[Opening Recorded data section]
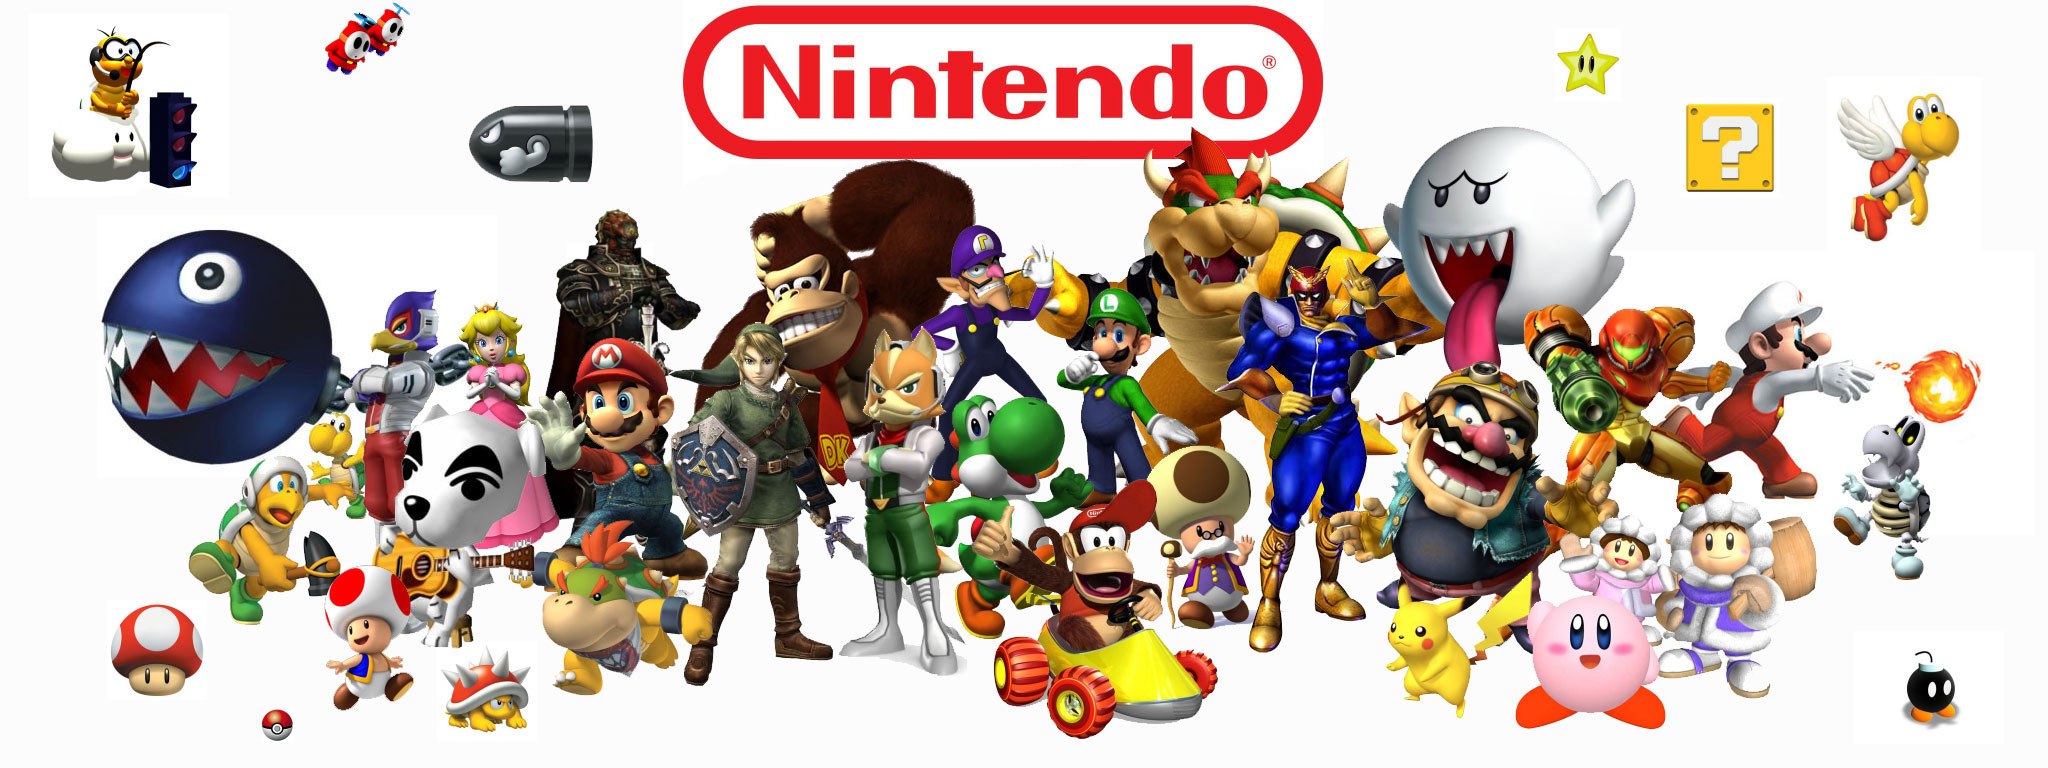 Free Download Nintendo Story News Old School Games Fans Mod Db 2048x768 For Your Desktop Mobile Tablet Explore 47 Nintendo Characters Wallpaper Bayonetta Wallpaper Super Mario Wallpaper Nintendo Wallpaper Hd
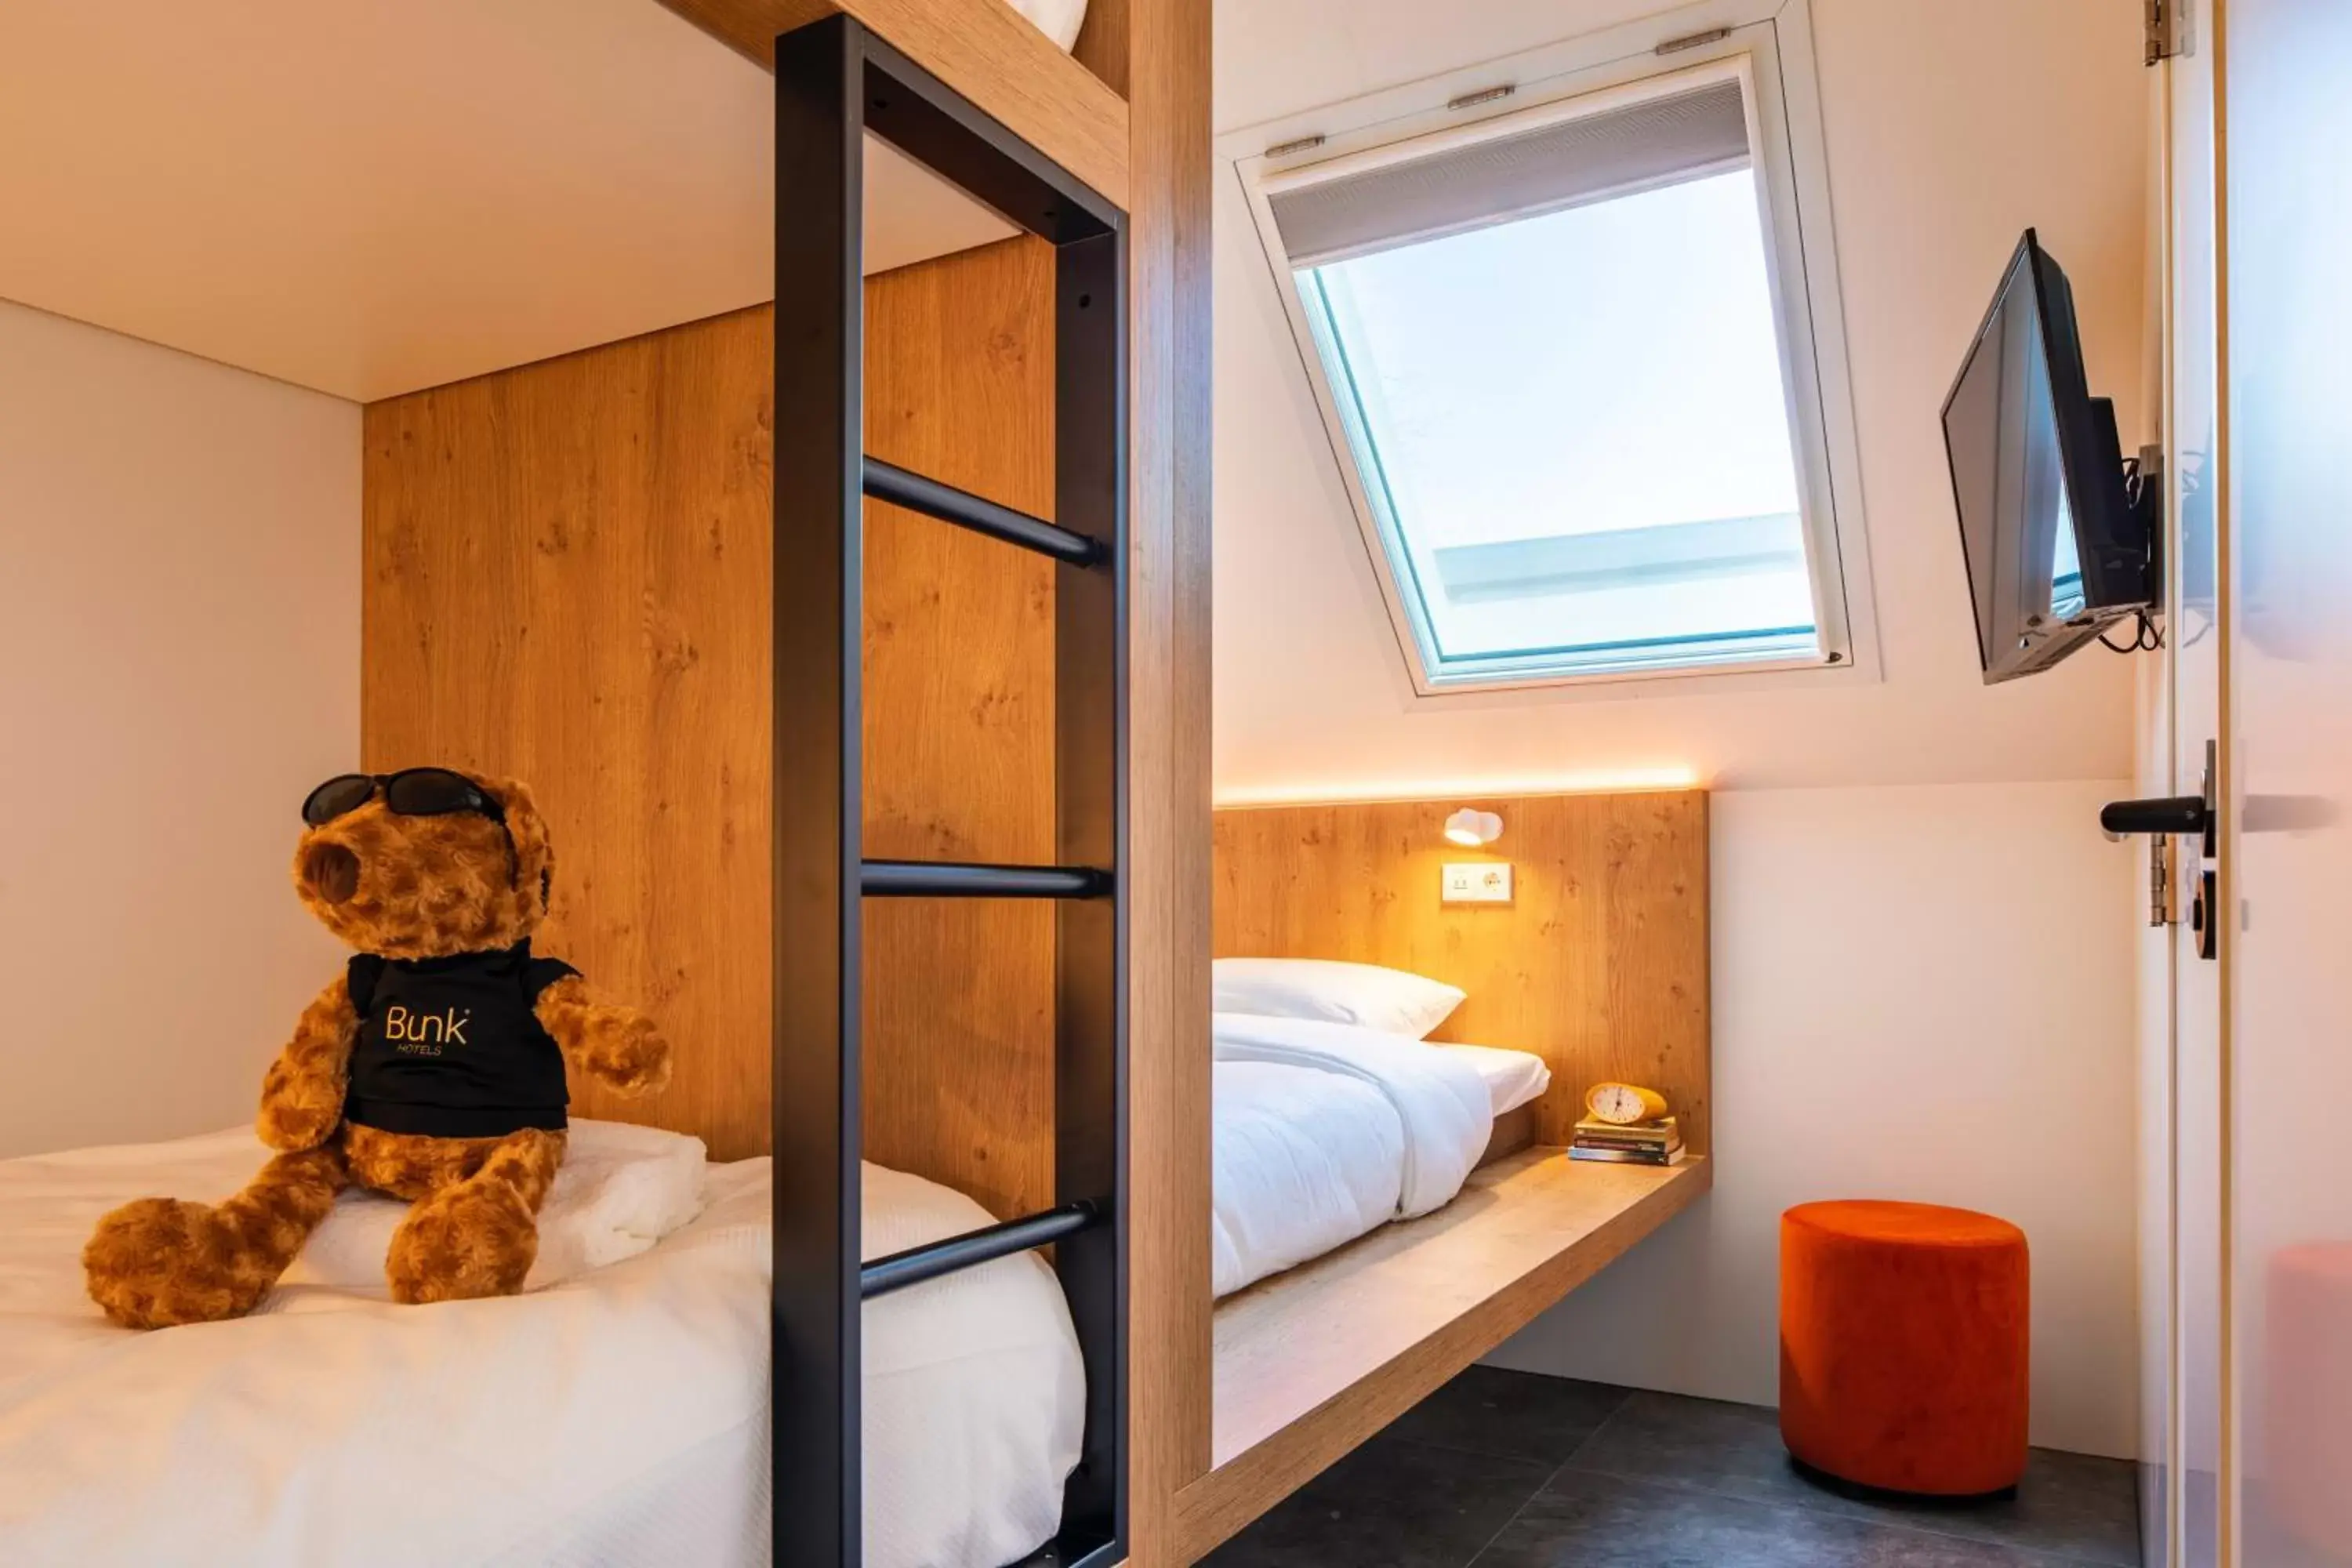 Bed in Bunk Hotel Amsterdam
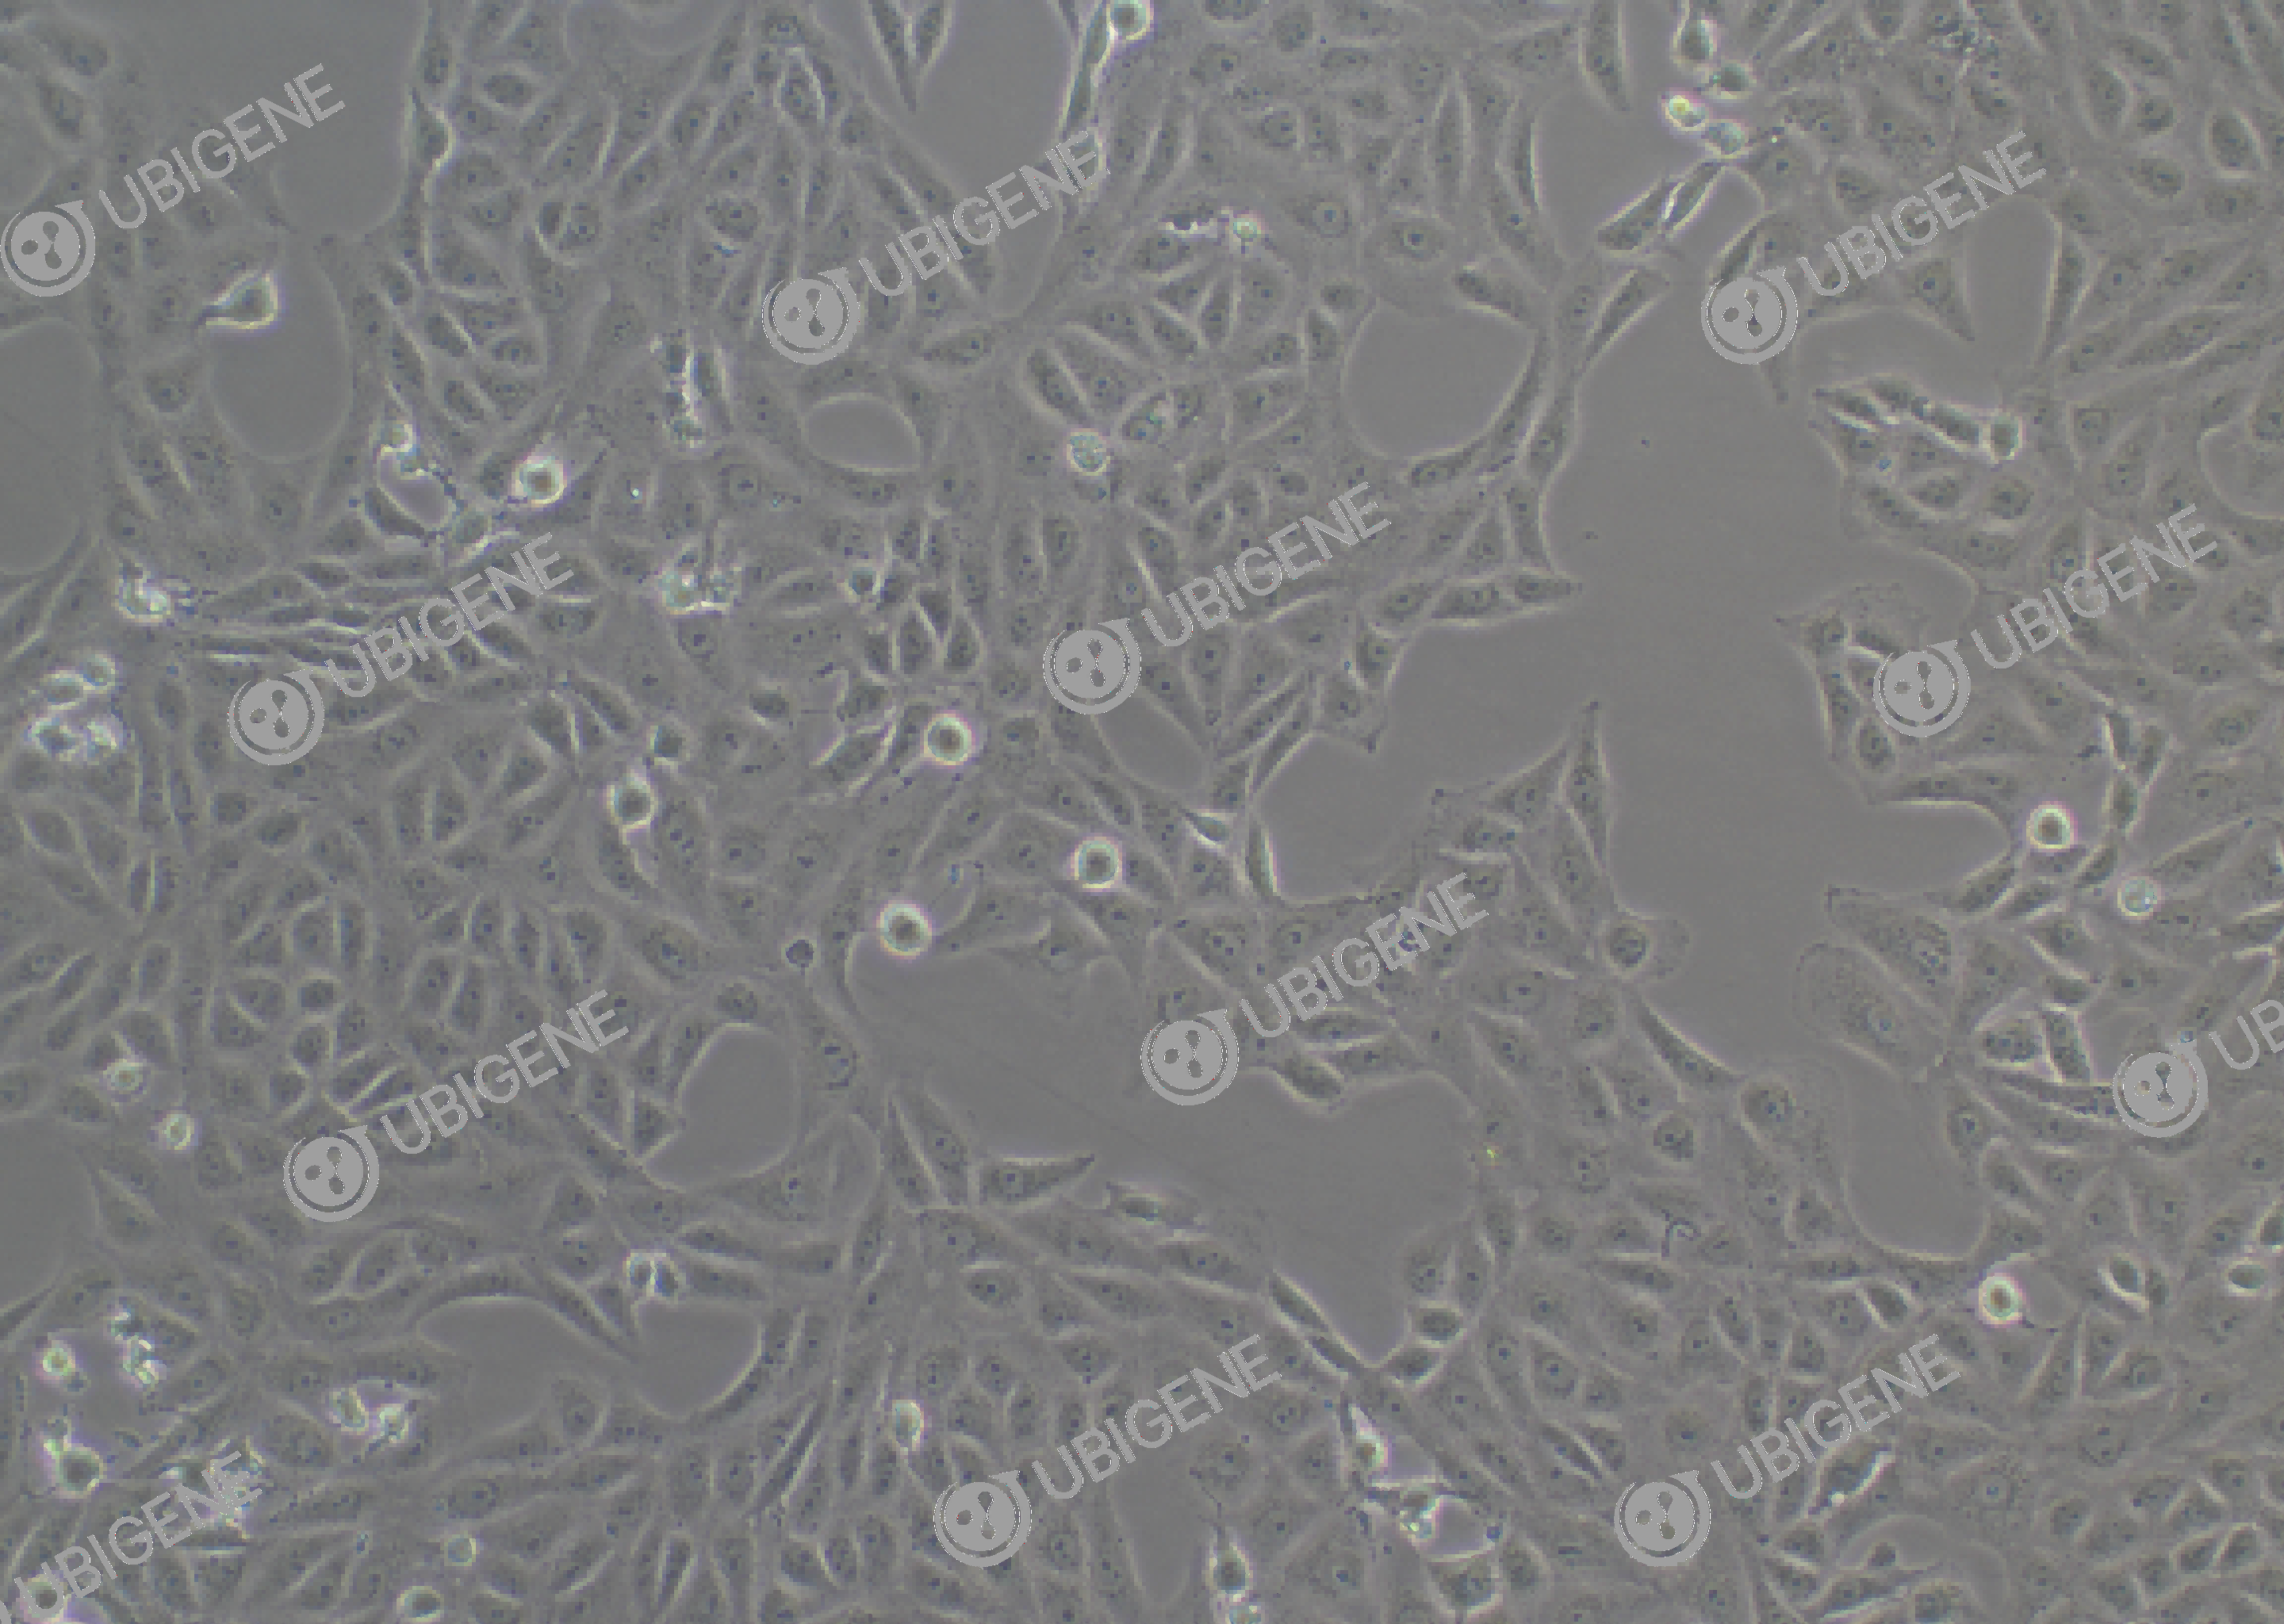 Vero cell line Cultured cell morphology
[Closing Recorded data section]
(Exercise directions): Every line above has to be output exactly; the pictures must be dropped.

(Output for this task):
 Free Download Nintendo Story News Old School Games Fans Mod Db 2048x768 For Your Desktop Mobile Tablet Explore 47 Nintendo Characters Wallpaper Bayonetta Wallpaper Super Mario Wallpaper Nintendo Wallpaper Hd
 Bed in Bunk Hotel Amsterdam
 Vero cell line Cultured cell morphology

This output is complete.